Lawmakers gave final, unanimous passage Thursday to the creation of a "parent trigger" law for poor-performing schools in the Recovery School District.
The measure (House Bill 115) by Rep. Ted James, D-Baton Rouge, will let parents petition the state-run RSD to return a school back to local control if that school has earned a "D'' or "F'' grade from the state for five consecutive years.
It would take parents of a majority of the students signing the petition. Students must have been attending the school for at least two years in order for their parents to sign.
The Recovery School District is run by the state Department of Education to manage chronically low-performing schools. It currently operates 80 schools around the state, including 68 in New Orleans and eight in Baton Rouge.
Lawmakers sent the bill to Gov. Bobby Jindal's desk with a 98-0 vote of the House and 39-0 vote of the Senate.
A bid to centralize and strengthen efforts to collect back-owed debts to state agencies, in hopes of bolstering revenue for the state treasury, received backing from lawmakers and heads to Gov. Bobby Jindal.
Estimates are the measure could generate as much as $200 million over five years.
The bill will create a new debt recovery office in the Department of Revenue and give it the authority to revoke and suspend state-issued licenses for back debts, among other things. It will require agencies to refer all their delinquent accounts to either the attorney general's office or the debt recovery office for collection.
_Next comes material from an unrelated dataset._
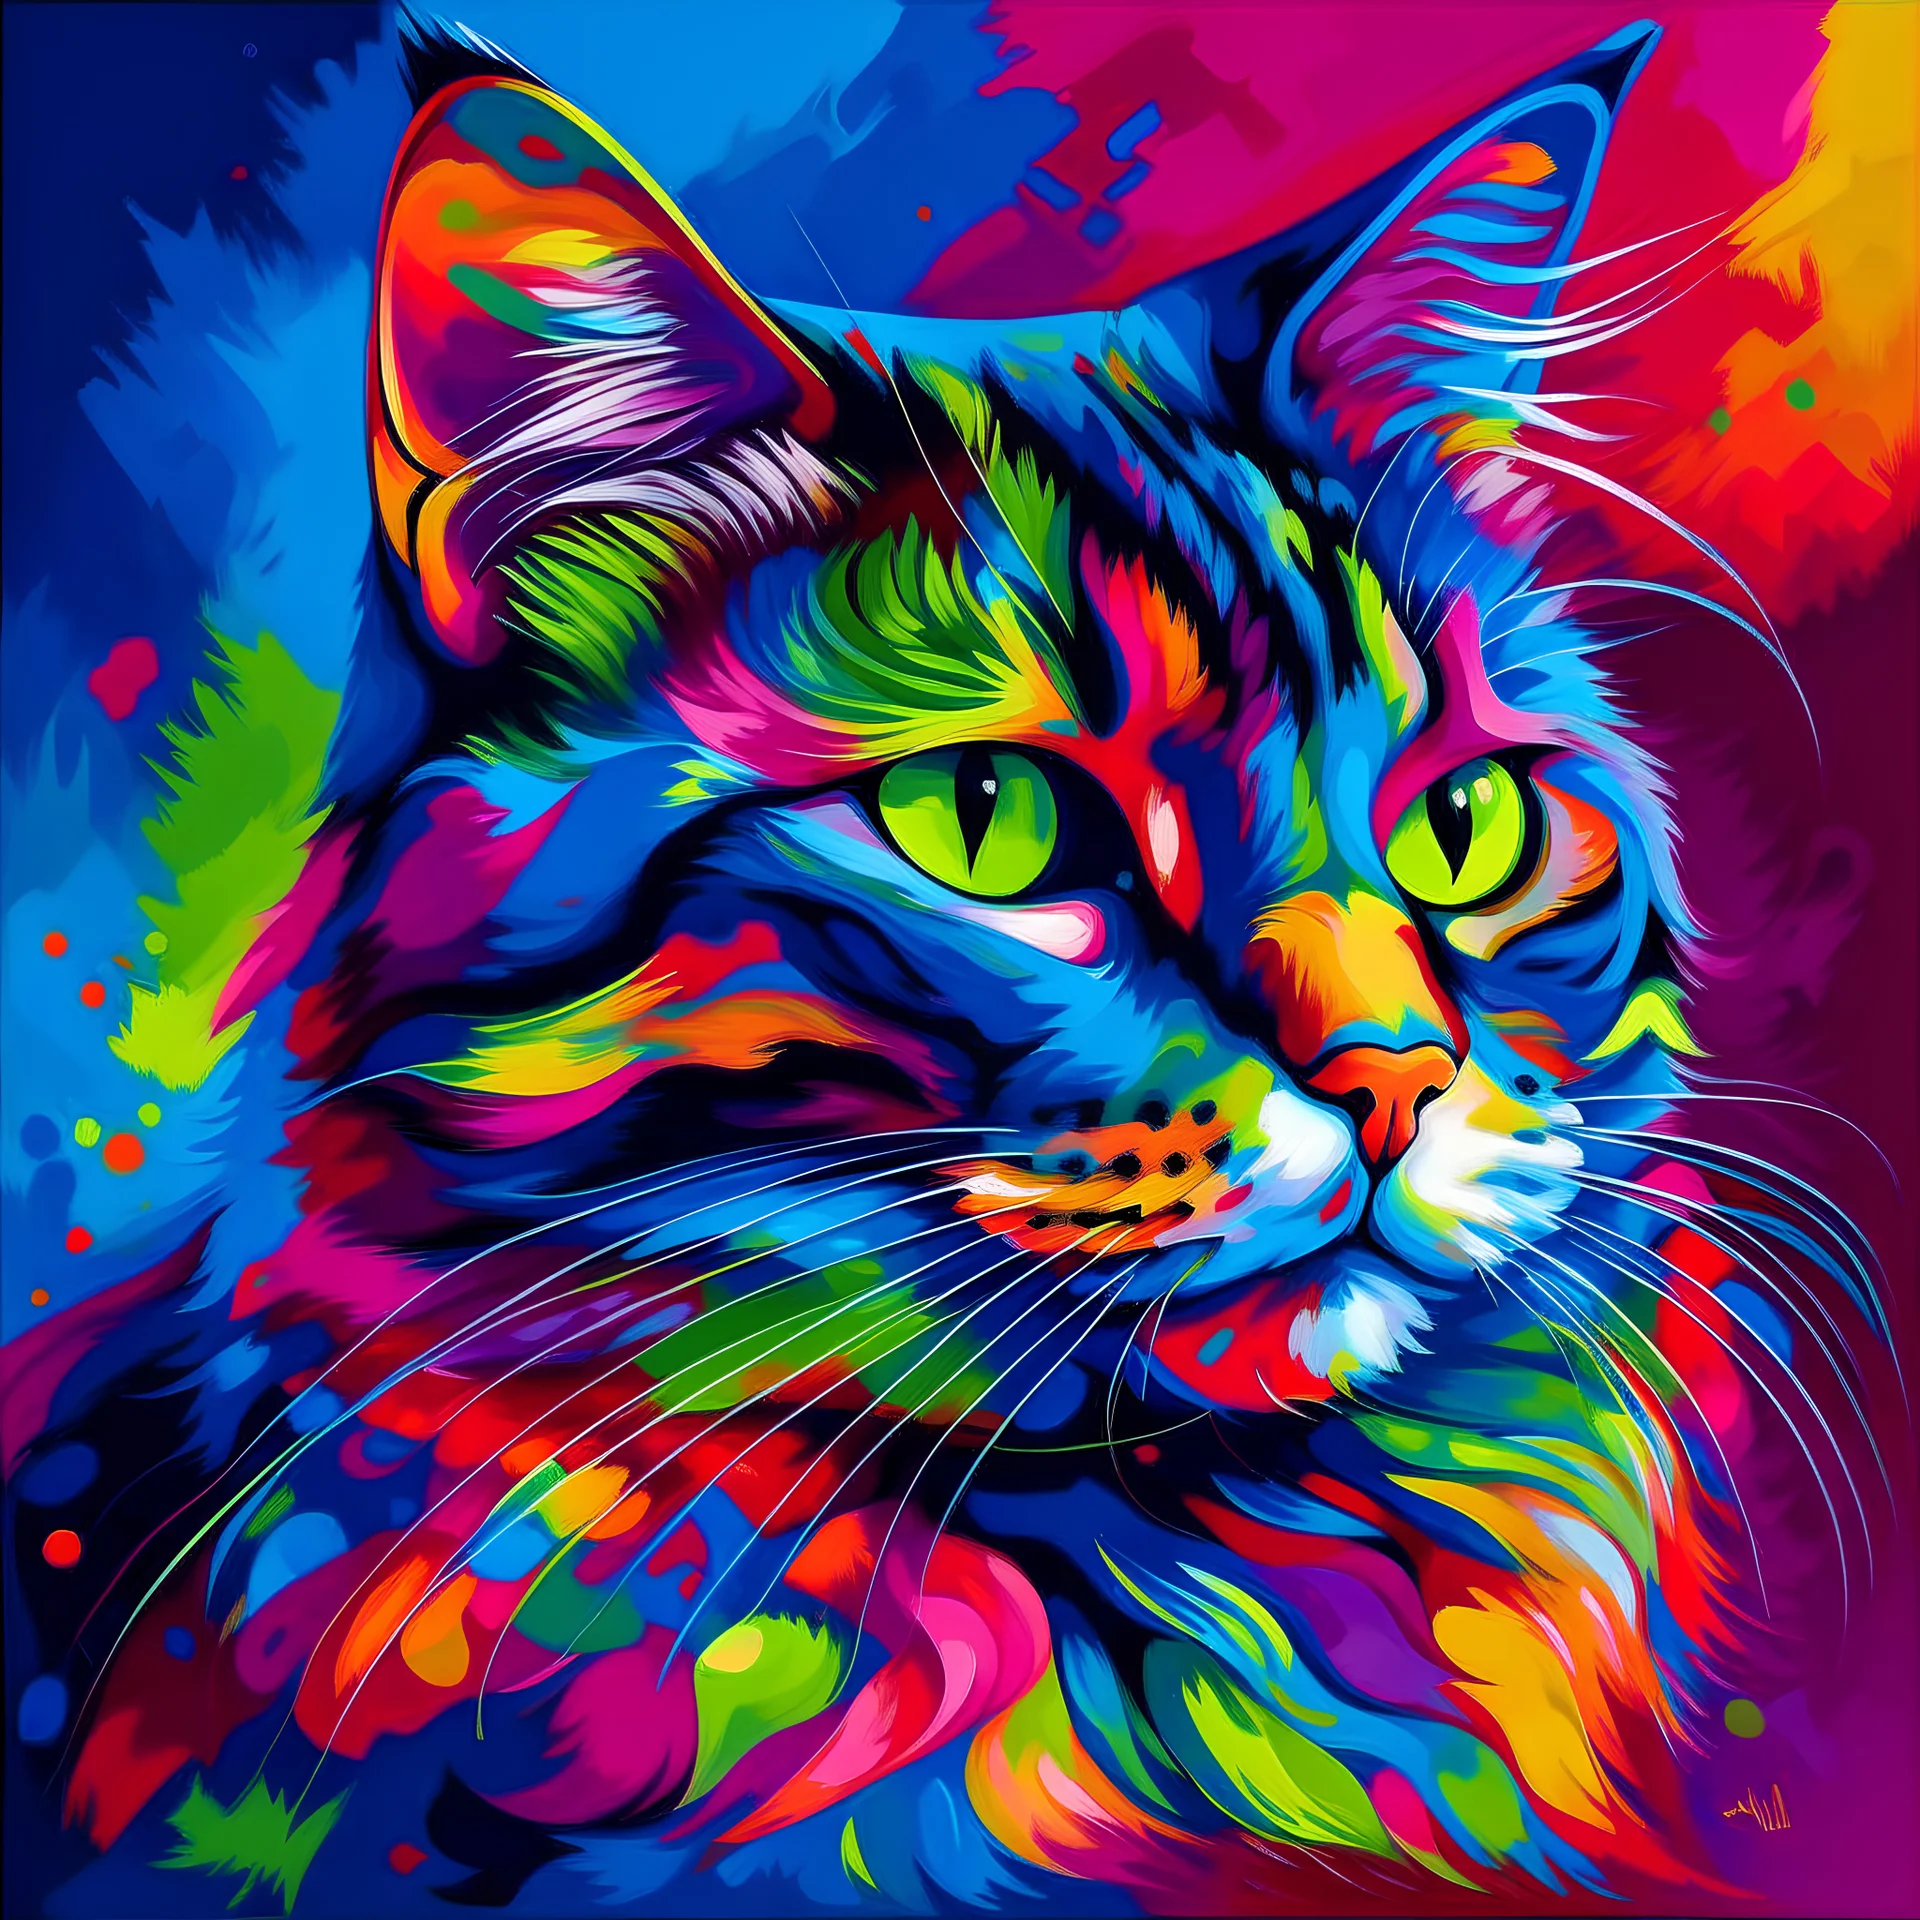 Generate a description of a whimsical "Colorful Cat" blending vibrant hues in its fur, reflecting a mesmerizing and unique appearance.

Lawmakers said Louisiana has been too lax in seeking payment for back-owed debts, which are pegged at $1.4 billion.
A compromise version of the bill (House Bill 629) by Rep. Chris Broadwater, R-Hammond, won final passage with a 95-0 vote of the House and 37-1 vote of the Senate.
A West Monroe lawmaker's bid to cut down on exposure to secondhand cigarette smoke couldn't get final passage even though it was watered down through the process.
As reworked by the Senate, Rep. Frank Hoffmann's proposal (House Bill 111) would have prohibited smoking within 25 feet of the entrances to state-owned office buildings, not including public college campuses.
The House voted 95-2 for a final compromise version of the bill, but it never came up for a vote in the Senate, stalling it on the calendar when the legislative session ended Thursday.